Lummi Island Wild has been named one of the most sustainable fisheries in the world, and we’re lucky to carry their products at 21 Acres. It may seem counter intuitive, but I recommend buying fish frozen for the freshest results. Nearly all fish is frozen before being sold, and you never know how long ago it was defrosted when you buy it at a conventional seafood counter. Simply pop the frozen filets in the refrigerator in the morning and they’ll be ready to cook by dinnertime.

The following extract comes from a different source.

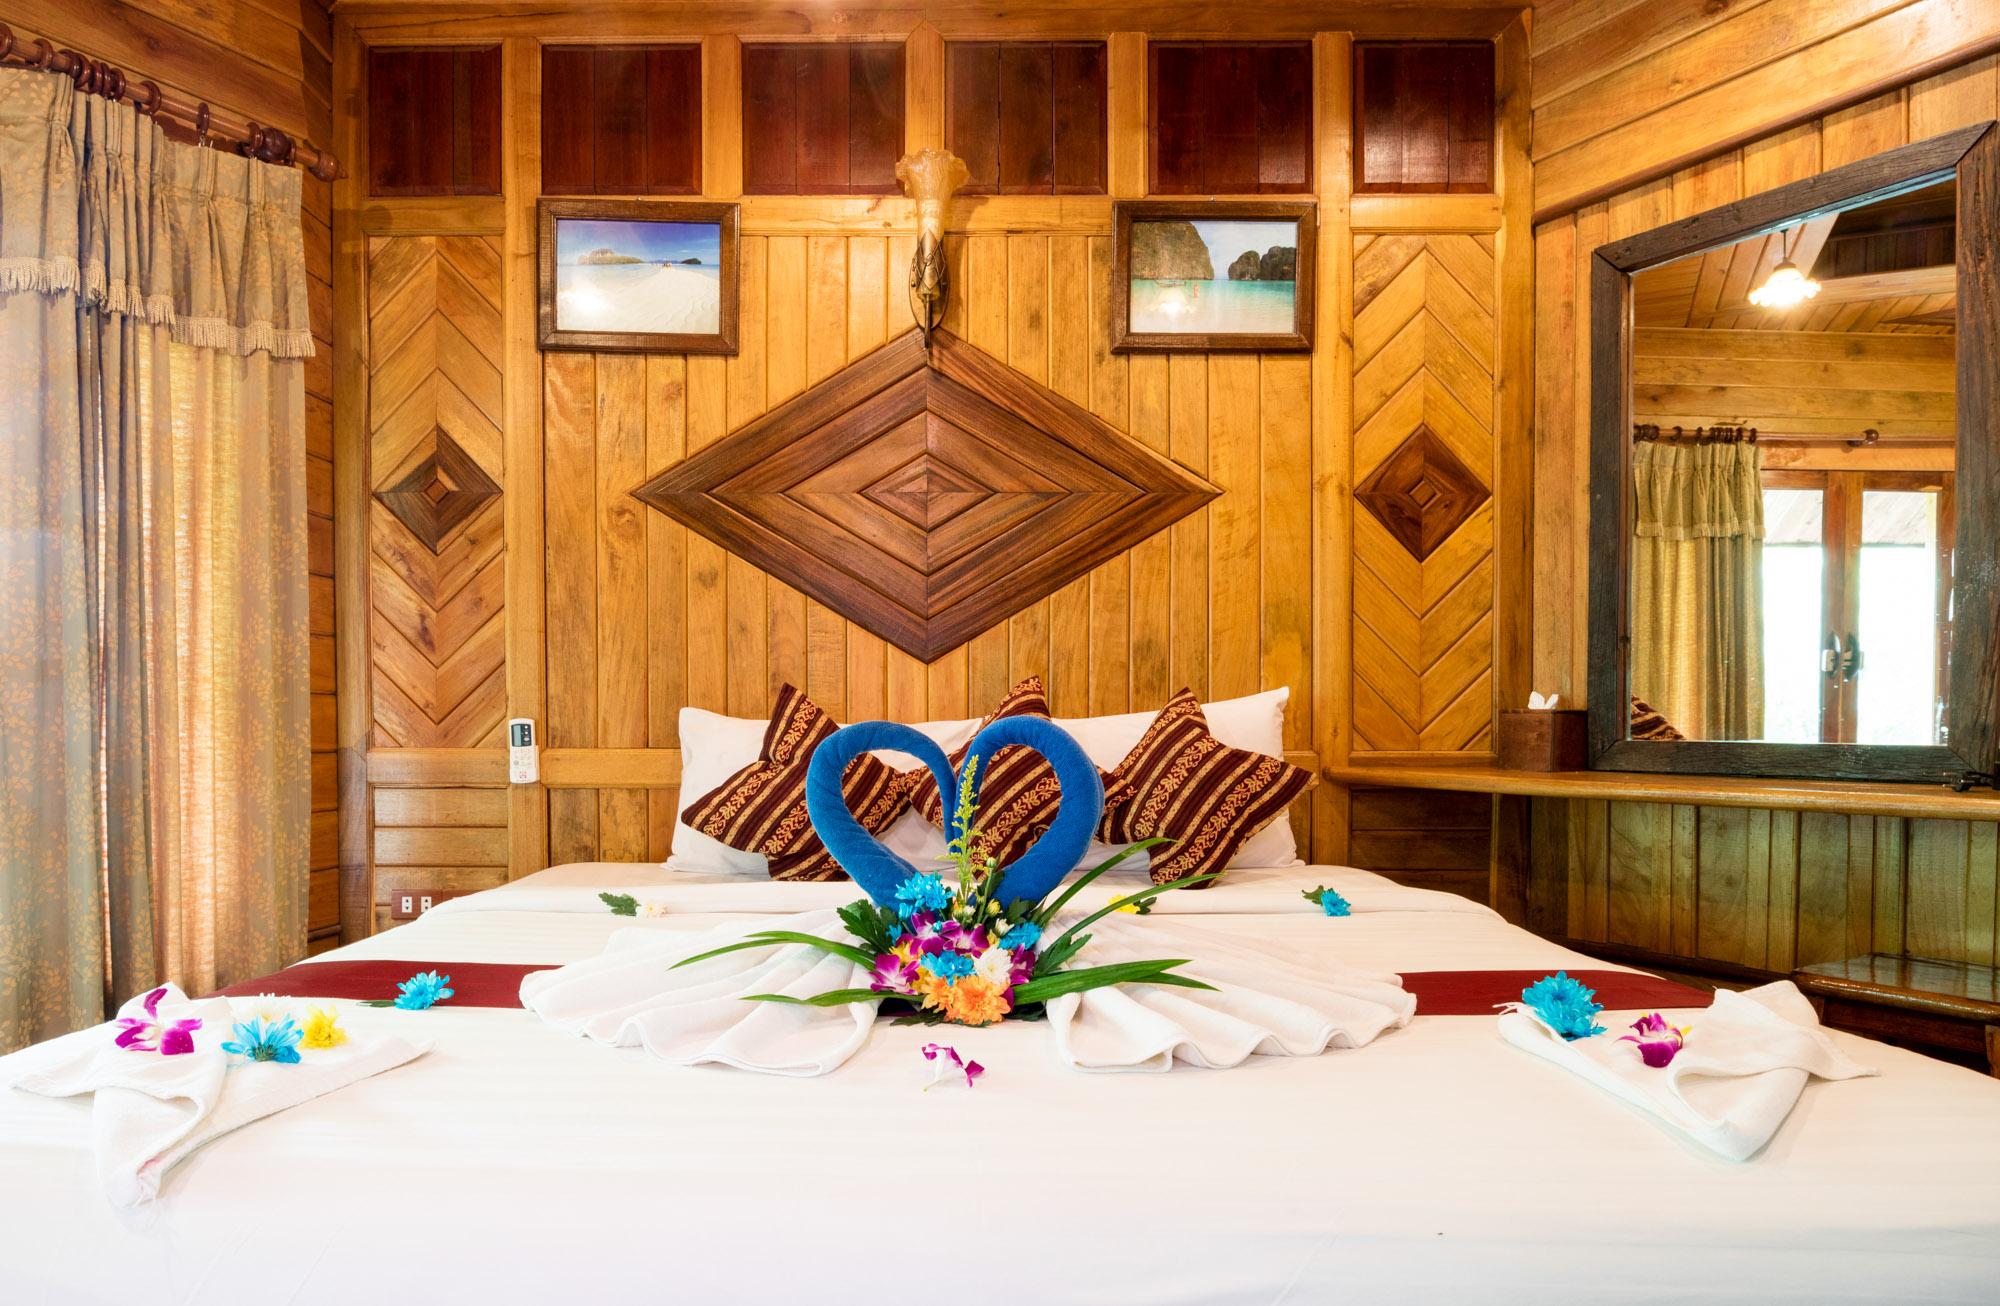 Phu Pha Aonang Resort & Spa  Phu Pha Aonang Resort & Spa ภูผา อ่าวนาง รีสอร์ทแอนด์สปา IMG 5569

I devised this recipe to come together quickly after a long day working in the Farm Market. The aioli is wonderful with fresh dill, garlic, and lemon, but feel free to leave those out for a lightning-fast two-ingredient sauce. I served this on a bed of vegetable orzo.

Panko Crusted Cod
Serves 2.


2 Lummi Island Wild cod filets, thawed
2 tbl flour
1 egg
1 ½ tsp Mustard & Co. dill and garlic mustard
¼ c panko breadcrumbs
2 sprigs dill, finely chopped (optional)
Salt and pepper
Dill and Mustard Aioli, for serving (recipe follows)
Lemon slices and dill sprigs (optional), for serving

Preheat oven to 400 and line a cookie sheet with parchment paper. Pat filets dry with paper towel. Place flour in a plate or shallow dish (amounts are approximate—it should be enough to cover the bottom of the plate). Whisk egg with a small splash of water, then pour into a shallow dish. Mix panko with dill (if using) and a pinch of salt and pepper and place in a third dish. Working with one filet at a time, dredge each first in flour, shaking off excess, then in egg wash, then in panko mix. Once each filet has been coated, place on parchment-lined sheet. Bake for 15-20 minutes, rotating if necessary, until breading is golden brown and flesh flakes easily. Garnish with more fresh dill and serve with lemon wedges and aioli.

Mustard Dill Aioli


1 tbl Mustard & Co. dill and garlic mustard
2 tbl mayonnaise
1 lemon (optional)
1 clove garlic (optional)
Fresh dill (optional)
Salt and pepper

Combine mustard and mayonnaise in a small bowl. Season with salt and pepper to taste. If desired, add a bit of grated lemon zest, a squeeze of lemon juice, and chopped fresh dill and grated garlic to taste.